In this video, we're going to talk about the function of hemoglobin. So hemoglobin can be abbreviated as HB, and it is a protein that is found inside of red blood cells or found inside of erythrocytes. Functionally, its role is to transport gases, specifically, oxygen gas or O₂ and carbon dioxide gas or CO₂. It's really important to note that inside of every red blood cell, there are tons and tons of hemoglobin protein molecules. In fact, it's estimated that just 1 single red blood cell contains about 250,000,000 hemoglobin protein molecules, making up about 97% of each red blood cell's mass. That is a ton of hemoglobin, so much so that we can pretty much think of red blood cells, or erythrocytes, as bags packed with tons of hemoglobin molecules. The reason that hemoglobin is able to effectively transport oxygen and carbon dioxide gas is because hemoglobin is able to bind them reversibly.

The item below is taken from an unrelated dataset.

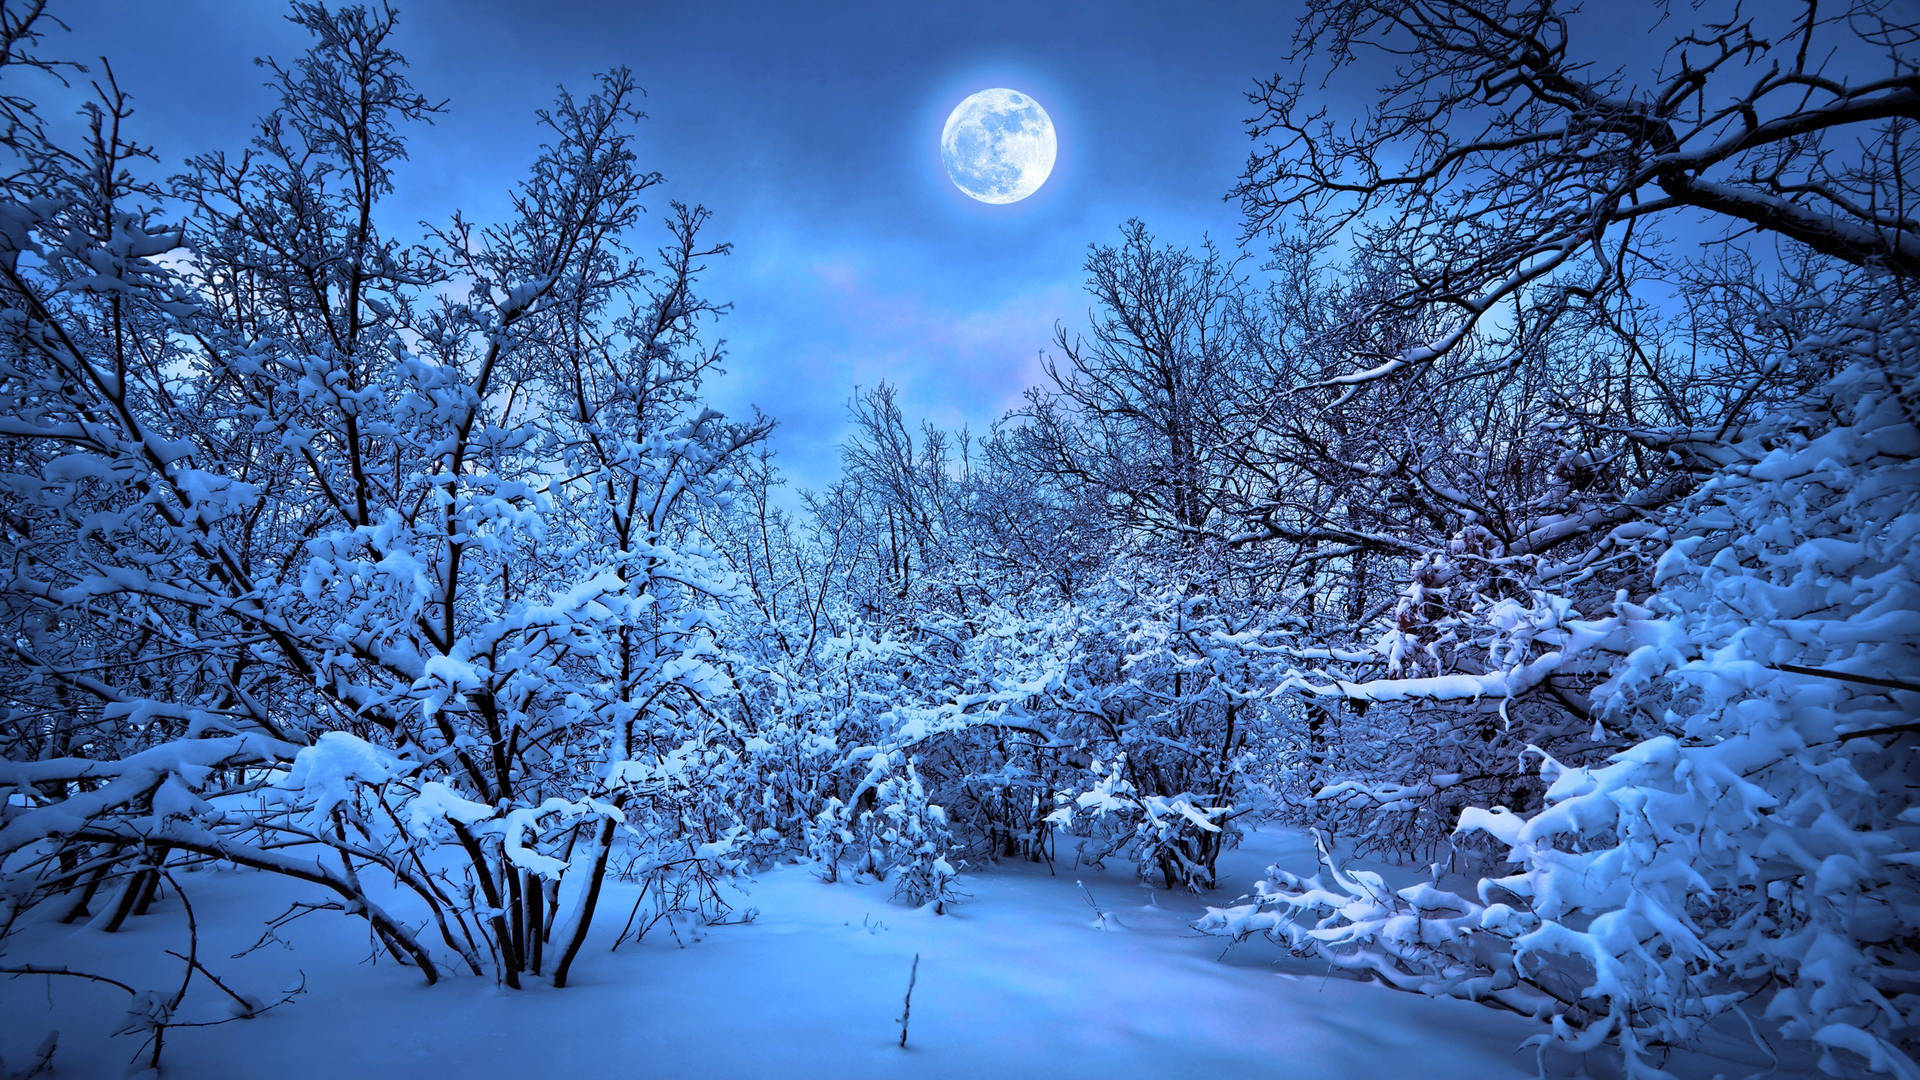 Snow Covered Trees Winter Wallpaper
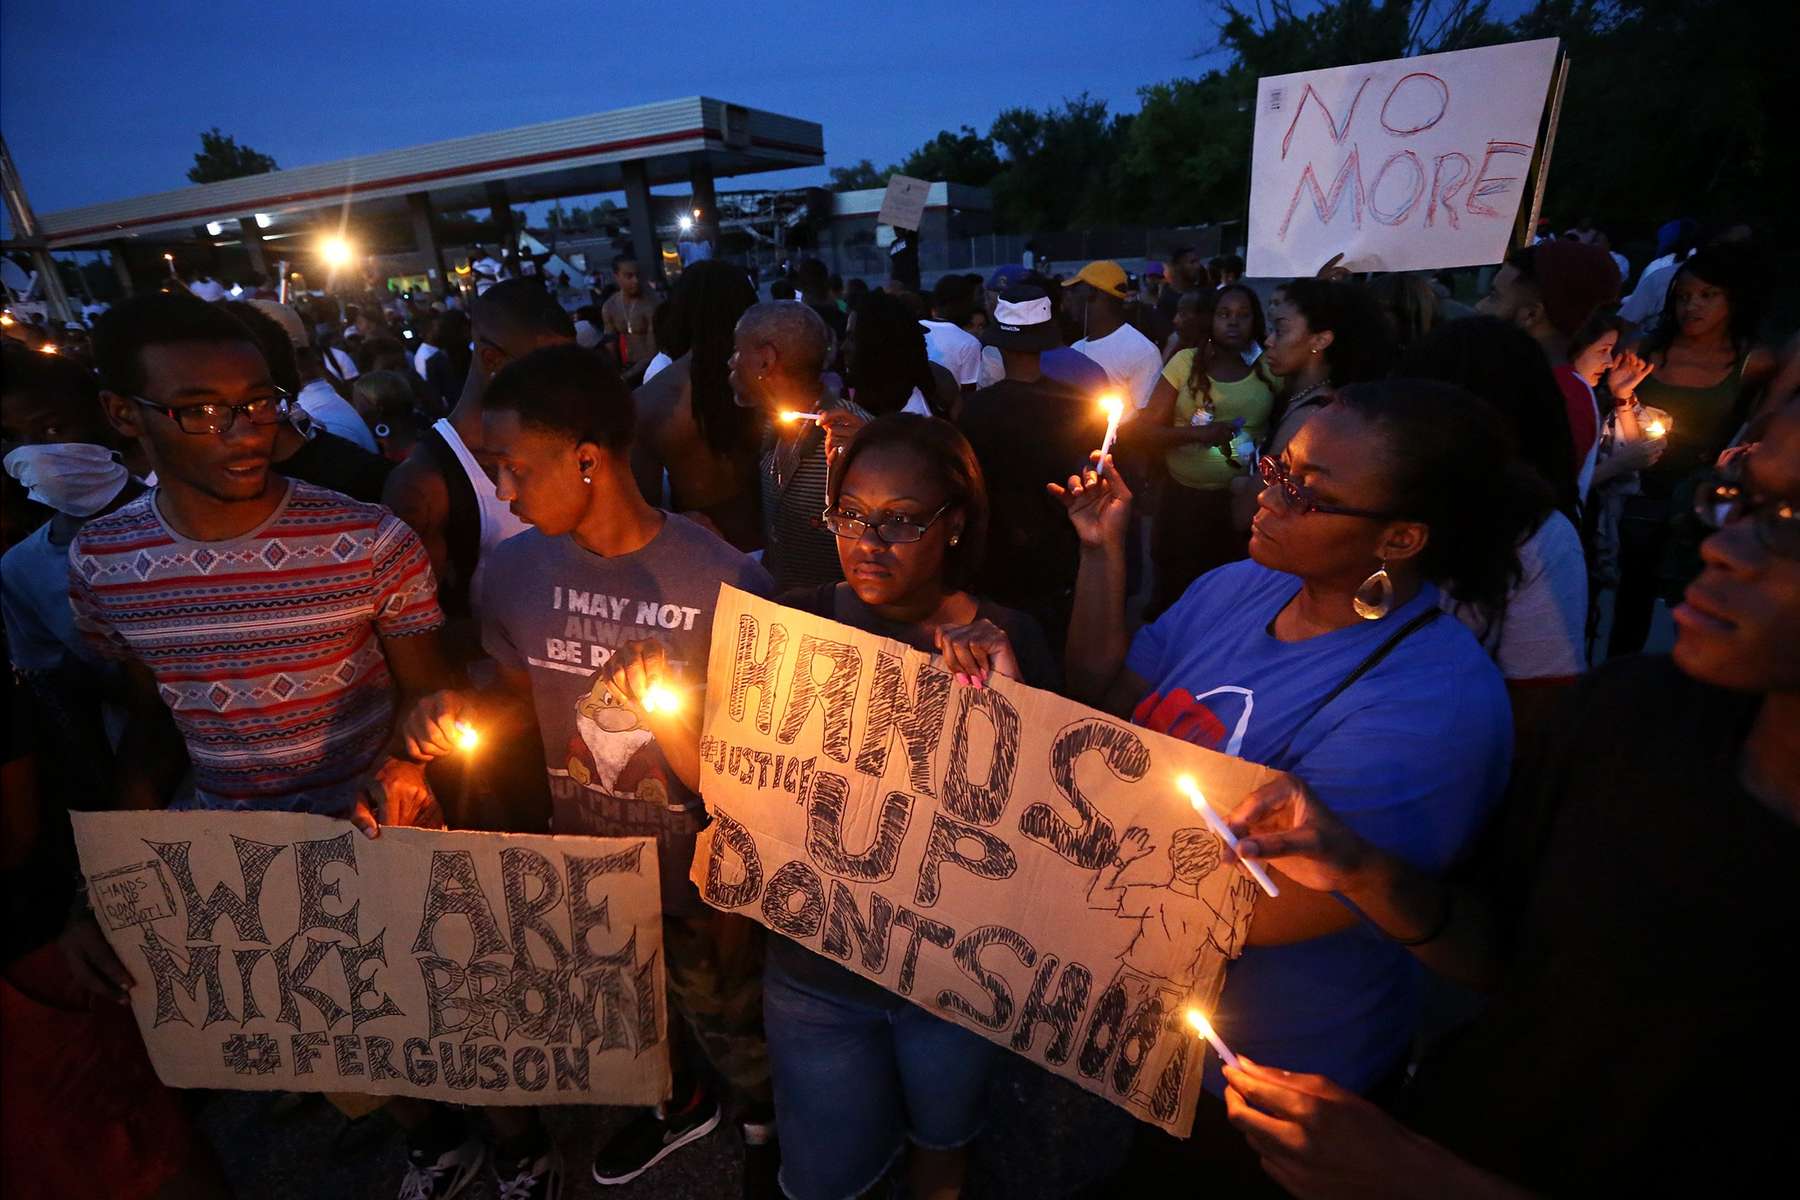 Keith Lovett (left), Melik Smith, Victoria Smith, Linda Smith and Antonio McDonald(right) hold candles during a gathering of people at the QuikTrip in Ferguson Thursday, Aug. 14, 2014.  Thursday marked the first peaceful night protests since Michael Brown was shot and killed by a police officer.

The reversible binding is incredibly important, and what it means is that not only are the hemoglobin molecules able to bind to oxygen and carbon dioxide, but they're also able to release the oxygen and carbon dioxide appropriately in the right place at the right time. The appropriate release of oxygen and carbon dioxide is just as critically important as the initial binding of them.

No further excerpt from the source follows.